Most likely planaria. And they could possibly be brine shrimp. They can be hatched in pure freshwater.


----------



## Mr Aquarium (Jan 18, 2005)

Never seen a spec planaria, only the worm looking ones......
You sure it aint tiny air bubbles? 
I have never heard of being able to see ick in such a manner as that, so that's proly ruled out.


----------



## fishboy (Feb 26, 2005)

maybe water fleas


----------



## leongreenway (Mar 29, 2005)

Mr Aquarium, Definately alive mate, not air bubbles.

Mr Cichlid man, The tank the plant came from has recently had introduced 4 Medium siz shrimp, so yeah could be their eggs I guess.

fishboy, water fleas also a possibility !


----------



## TheOldSalt (Jan 28, 2005)

Well just how big are these specks?
Are they bigger or smaller than a period at the end of a sentence? Are they round or oblong?
Do they crawl, or swim? Are they fast or slow? Do they move smoothly or do they jerk around or hop? Under a magnifying lens, do they have legs?
Are they attached to the glass or free, or both?


----------



## leongreenway (Mar 29, 2005)

Right Oldsalt me olde son, they swim and they can crawl. they can be fast or slow. 

They do jerk around, they are really small, about the size of a full stop (Period - USA). 

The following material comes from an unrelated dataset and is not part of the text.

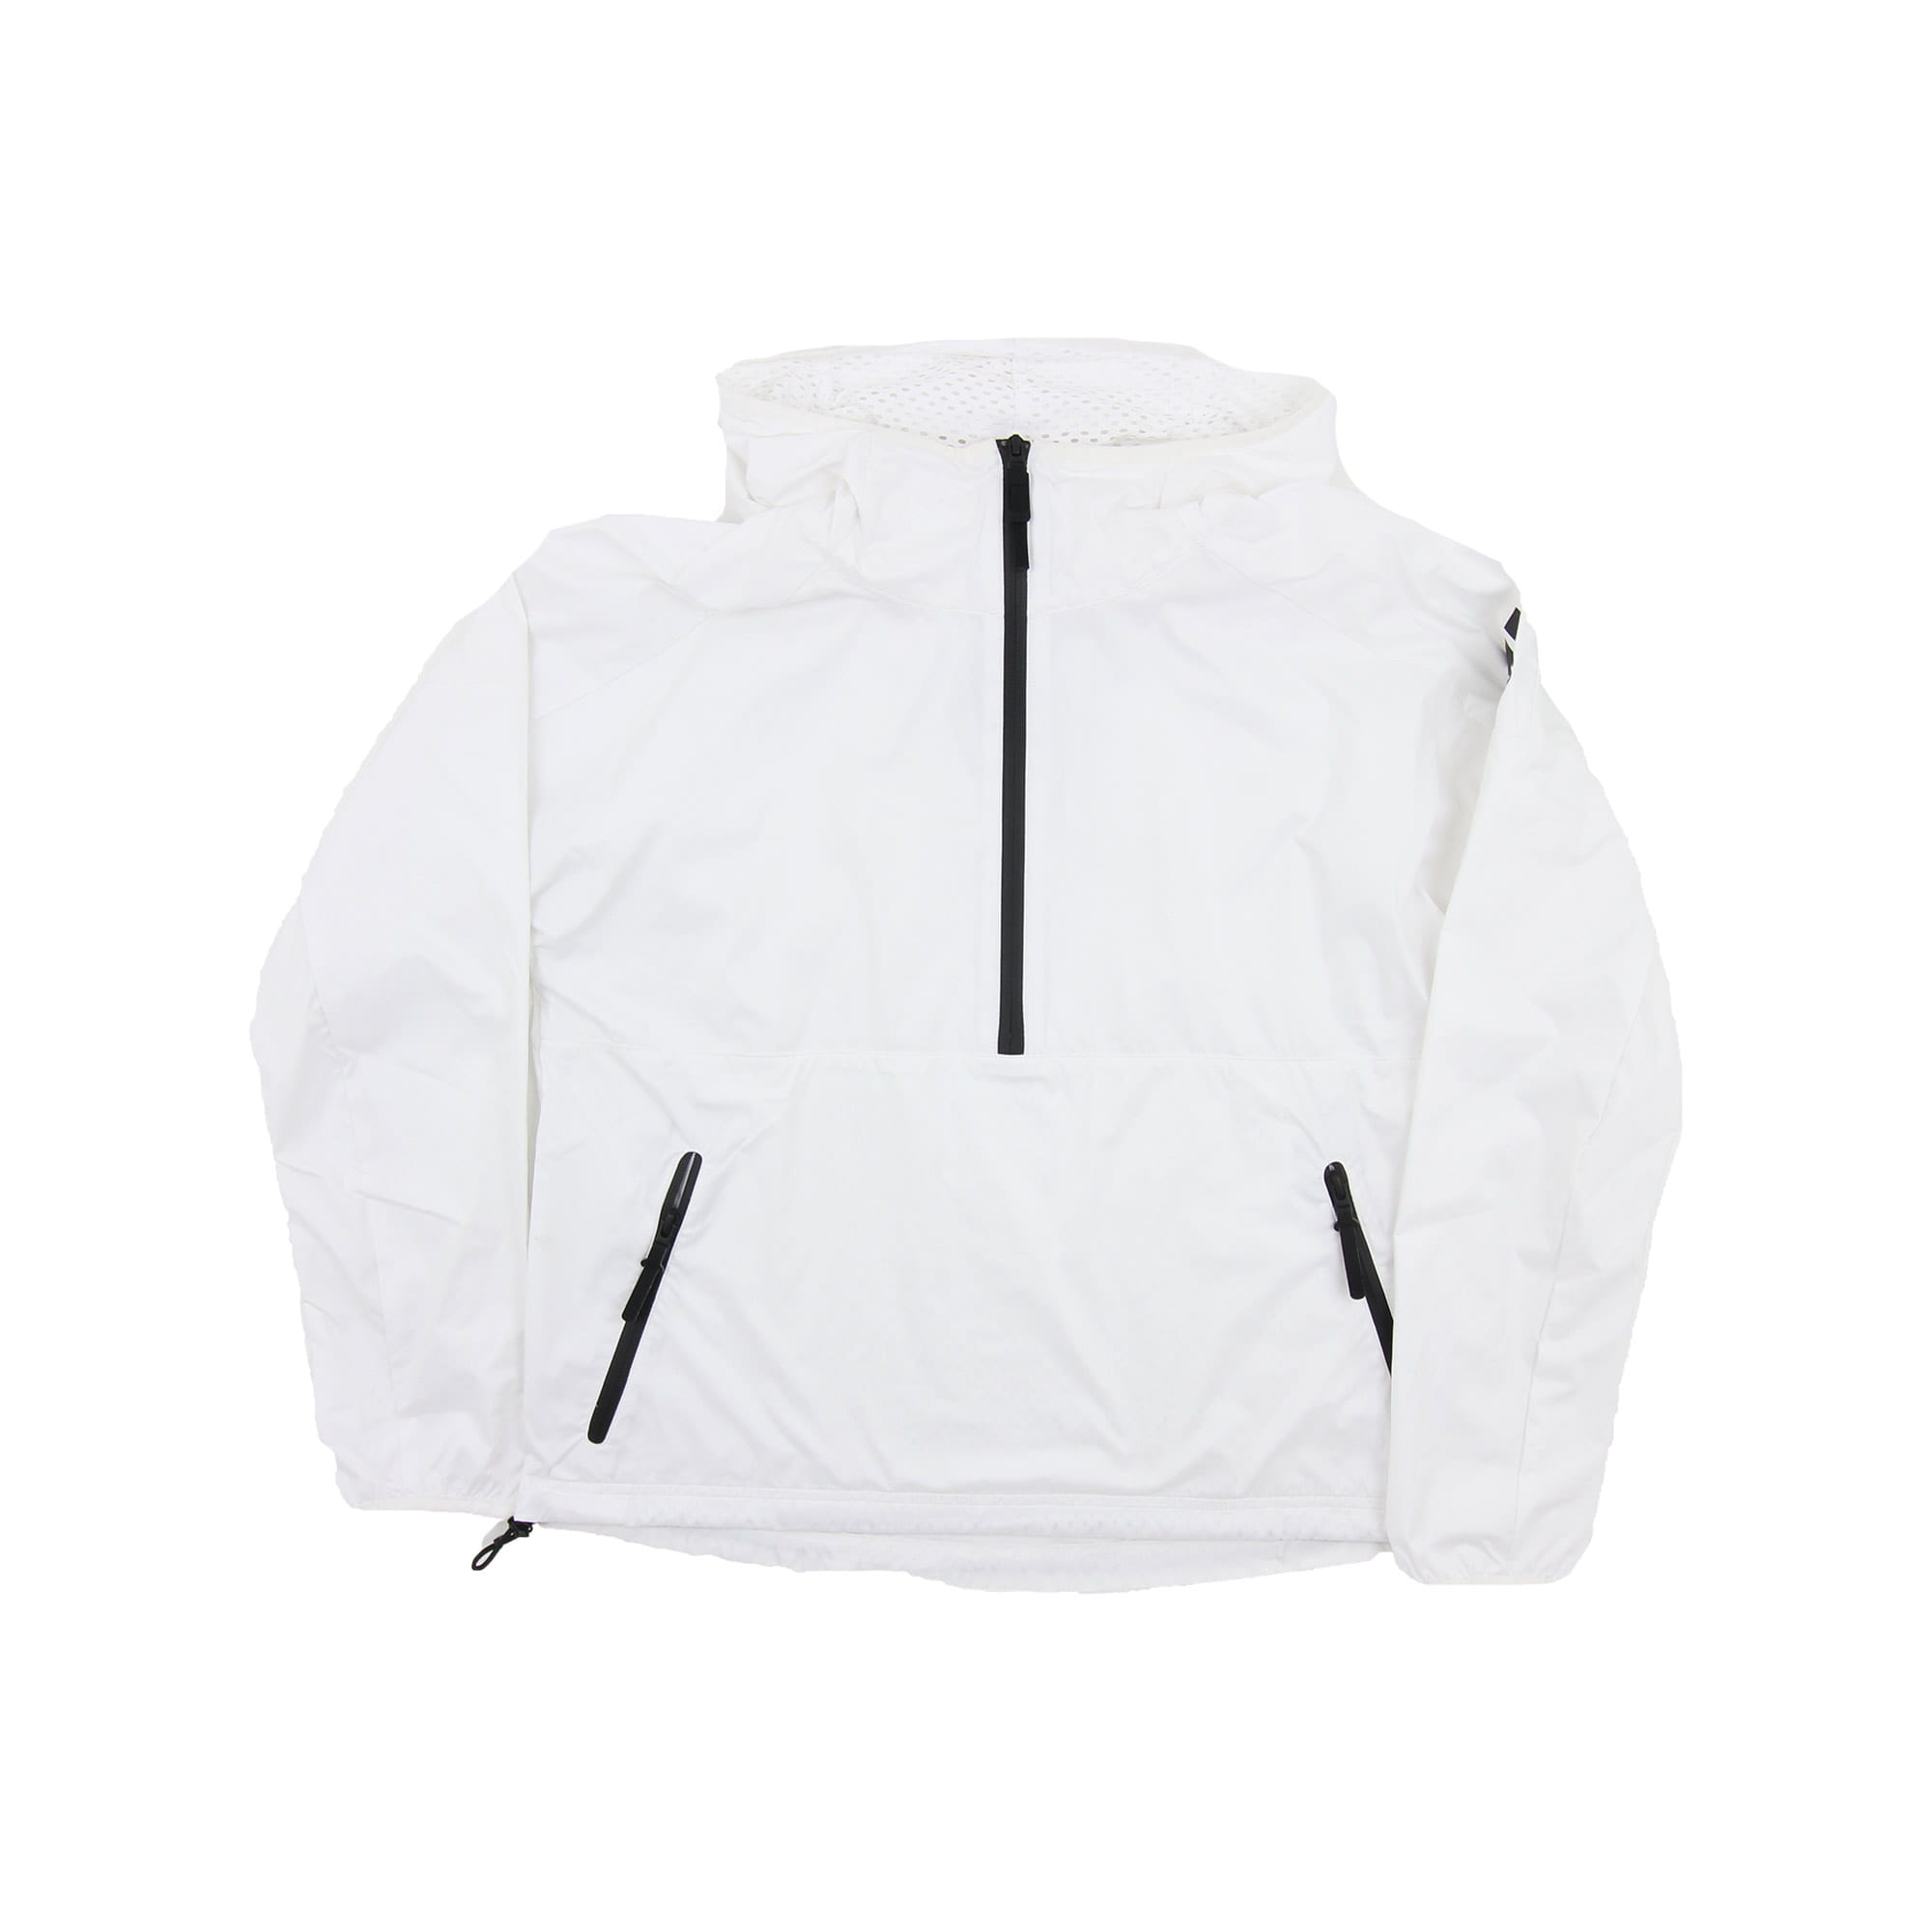 Adidas Half Zip White Thin Jacket - S

They do appear to have legs. the forward two legs are larger than the rest


----------



## TheOldSalt (Jan 28, 2005)

Hmm... that really does sound like baby brine shrimp. Maybe they're baby fairy shrimp? Maybe the larvae of some other shrimp?

Are they round, or kinda teardrop shaped like brineshrimp?
If round, look up "ostracod" and compare.


----------



## leongreenway (Mar 29, 2005)

hmmm cheers


----------



## Mr Aquarium (Jan 18, 2005)

What the heck is a water flea?


----------



## mlefev (Apr 19, 2005)

My question exactly.


----------



## leongreenway (Mar 29, 2005)

http://www.microscopy-uk.org.uk/mag/artjun99/wflea.html


----------



## MyraVan (Jan 19, 2005)

Water fleas are very tasty. At least my fish think so... The almost-local-shop has them live for sale, so whenever I go there I get the water fleas (or some other live beastie) as a treat for them.


----------